Prediction markets offer traders an opportunity to bet on a range of financial, political and sports-related outcomes. They are regulated under U.S. laws that govern how derivatives are traded, but Polymarket also operates an offshore platform that allows traders to bet on a wider range of contracts.

Polymarket said it has policies designed to combat insider trading. “When we identified a user trading on classified government information, we referred the matter to the DOJ & cooperated with their investigation,” the company said on X.

Polymarket has a data partnership with Dow Jones, the publisher of The Wall Street Journal.

The case against Van Dyke comes one day after Kalshi, a competitor to Polymarket, announced that it had fined and suspended three congressional candidates for betting on their own races.

Maduro and his wife were captured during a nighttime operation that was the culmination of months of secretive planning.
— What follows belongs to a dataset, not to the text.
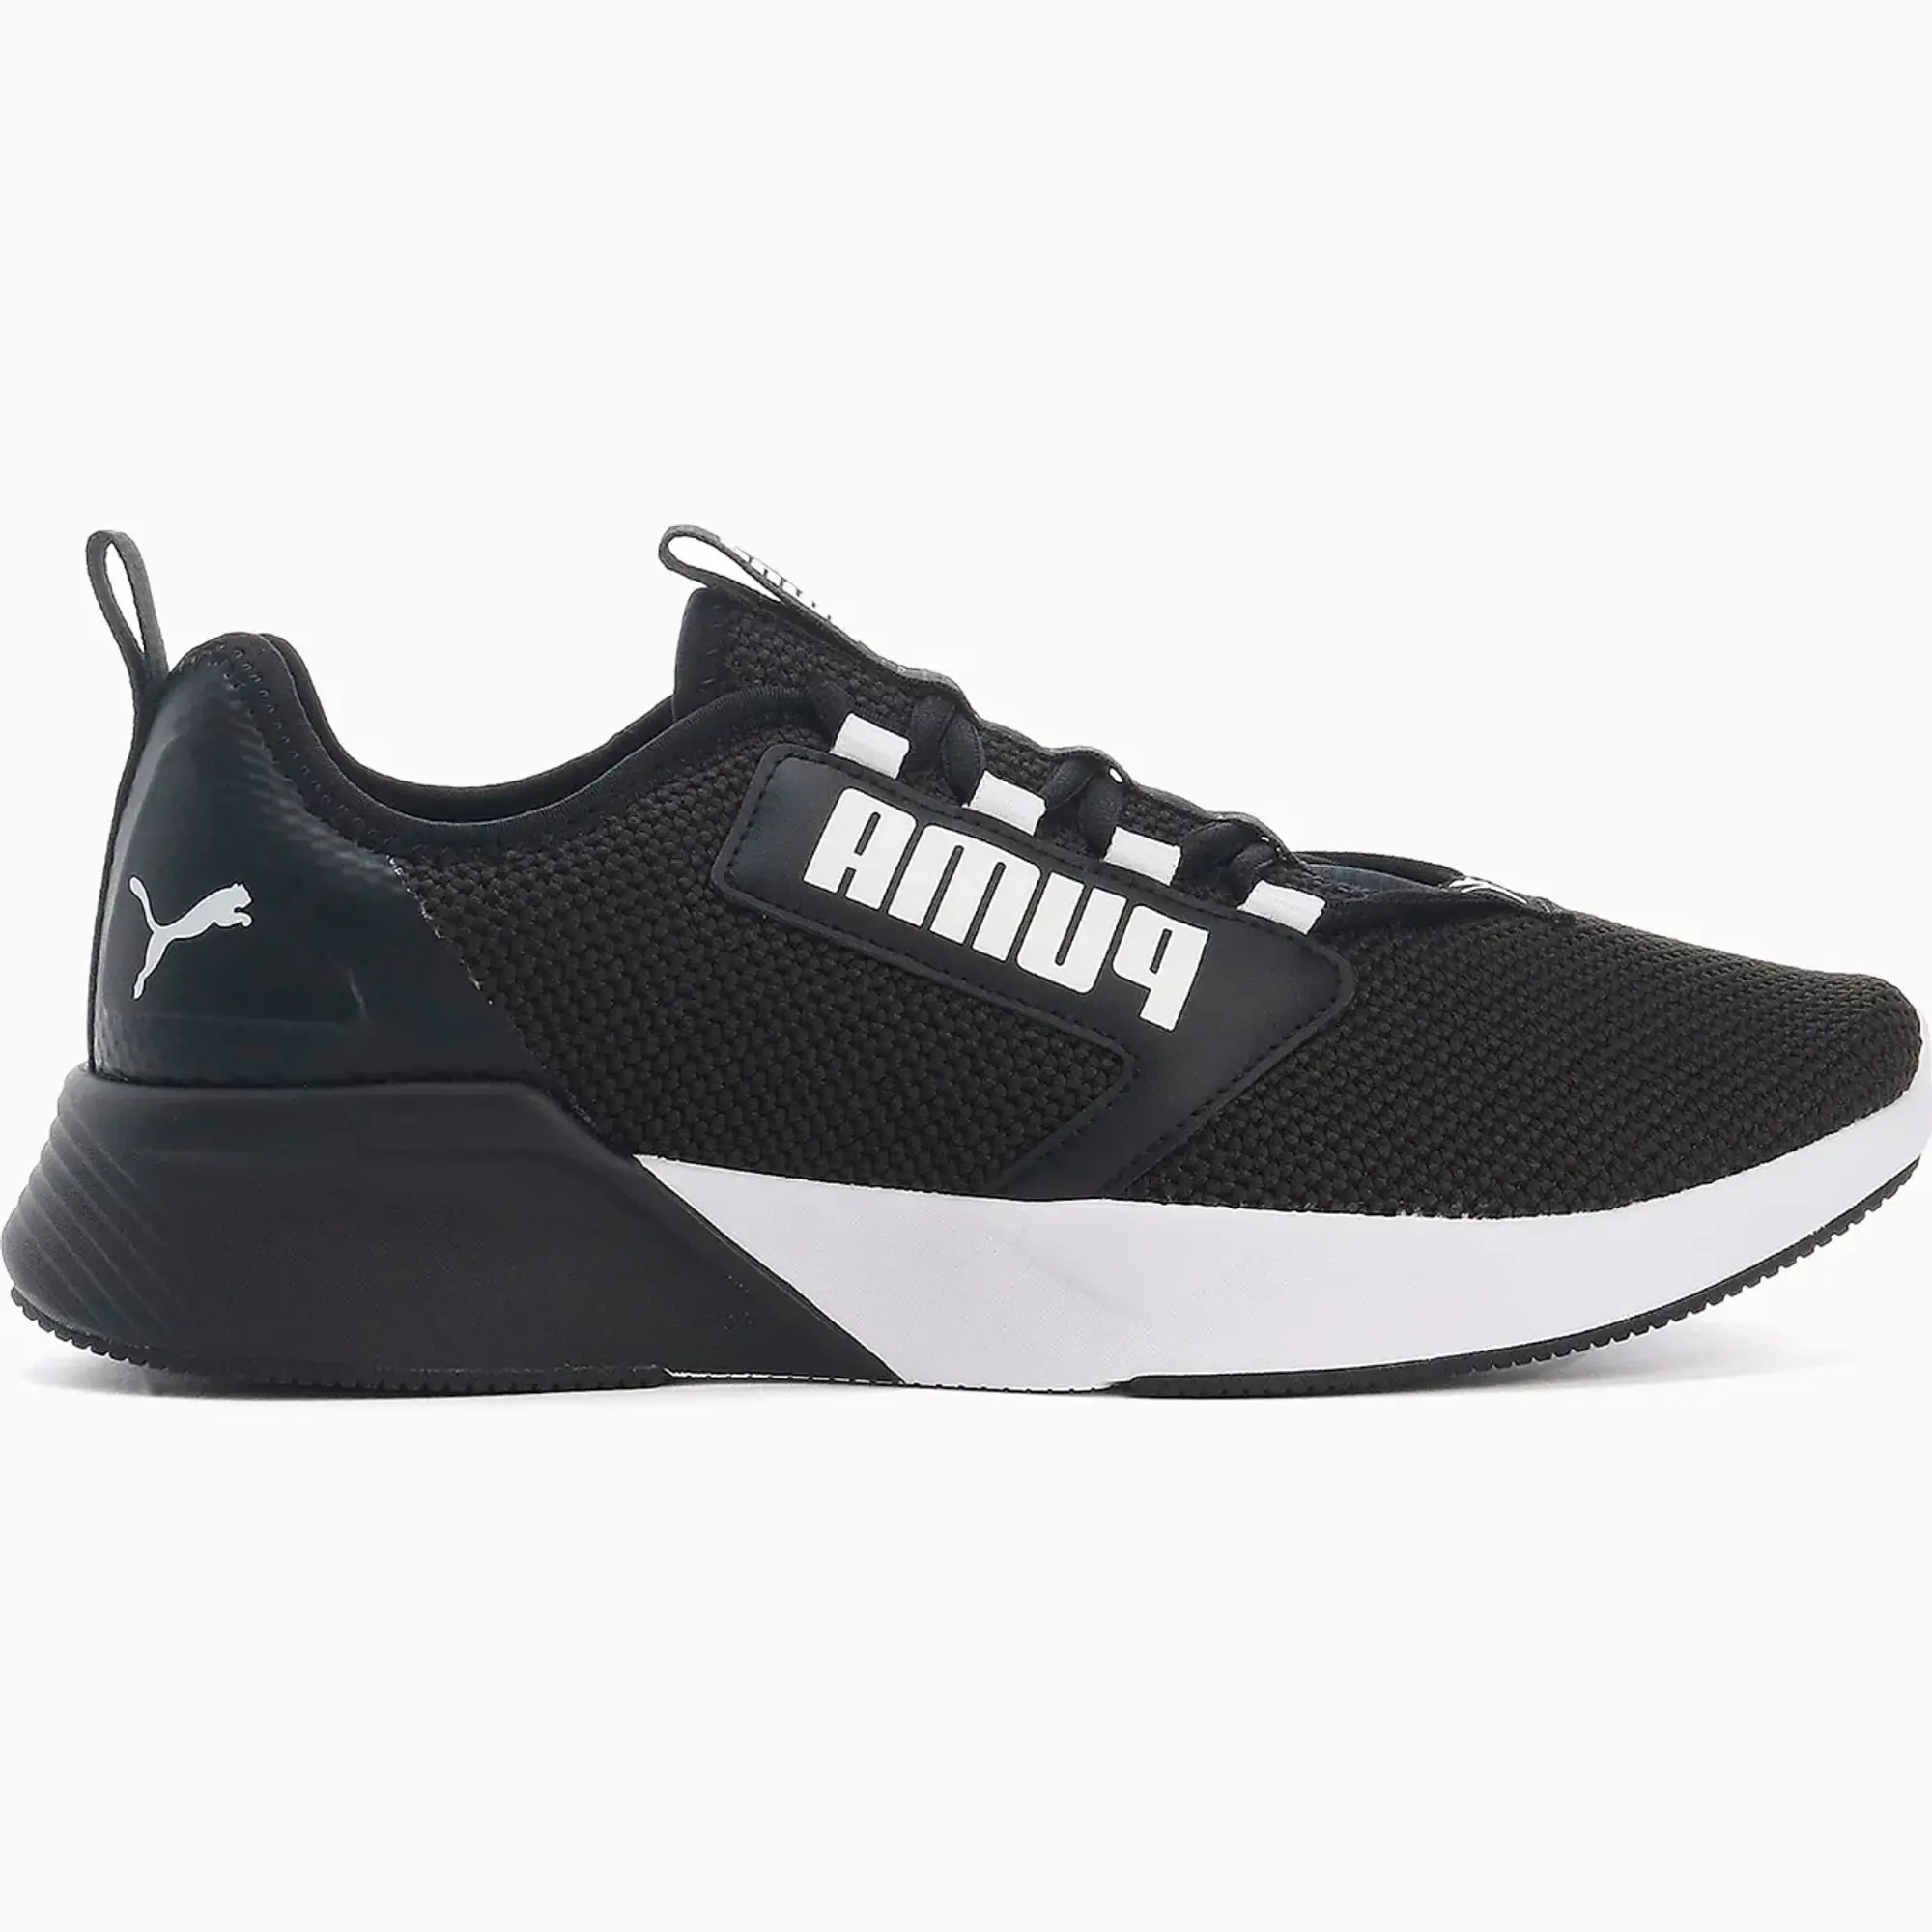 PUMA Retaliate Tongue Men's Running Shoes, Black/White

The mission was led by elite special-operations forces and was supported by every branch of the U.S. military, as well as intelligence and law-enforcement agencies.

While Trump had railed for months against the Maduro regime, there was little in the immediate run-up to suggest to the general public that such drastic action was imminent.

Van Dyke allegedly made 13 bets between Dec. 27 and Jan. 2 on the U.S. going after Maduro. The concentrated nature of the bets, coming from a brand-new account, fueled suspicions that someone with knowledge of the operation’s planning had made them.

Hours after Van Dyke’s last wager, prosecutors said, the U.S. Special Forces entered Caracas and apprehended Maduro and his wife at their residence. Van Dyke spent about $33,000 in long-shot contracts that netted him a profit of $409,000, according to the Justice Department.

The Commodity Futures Trading Commission, a regulatory agency that under the Trump administration has championed the value of prediction markets, also sued Van Dyke in civil court.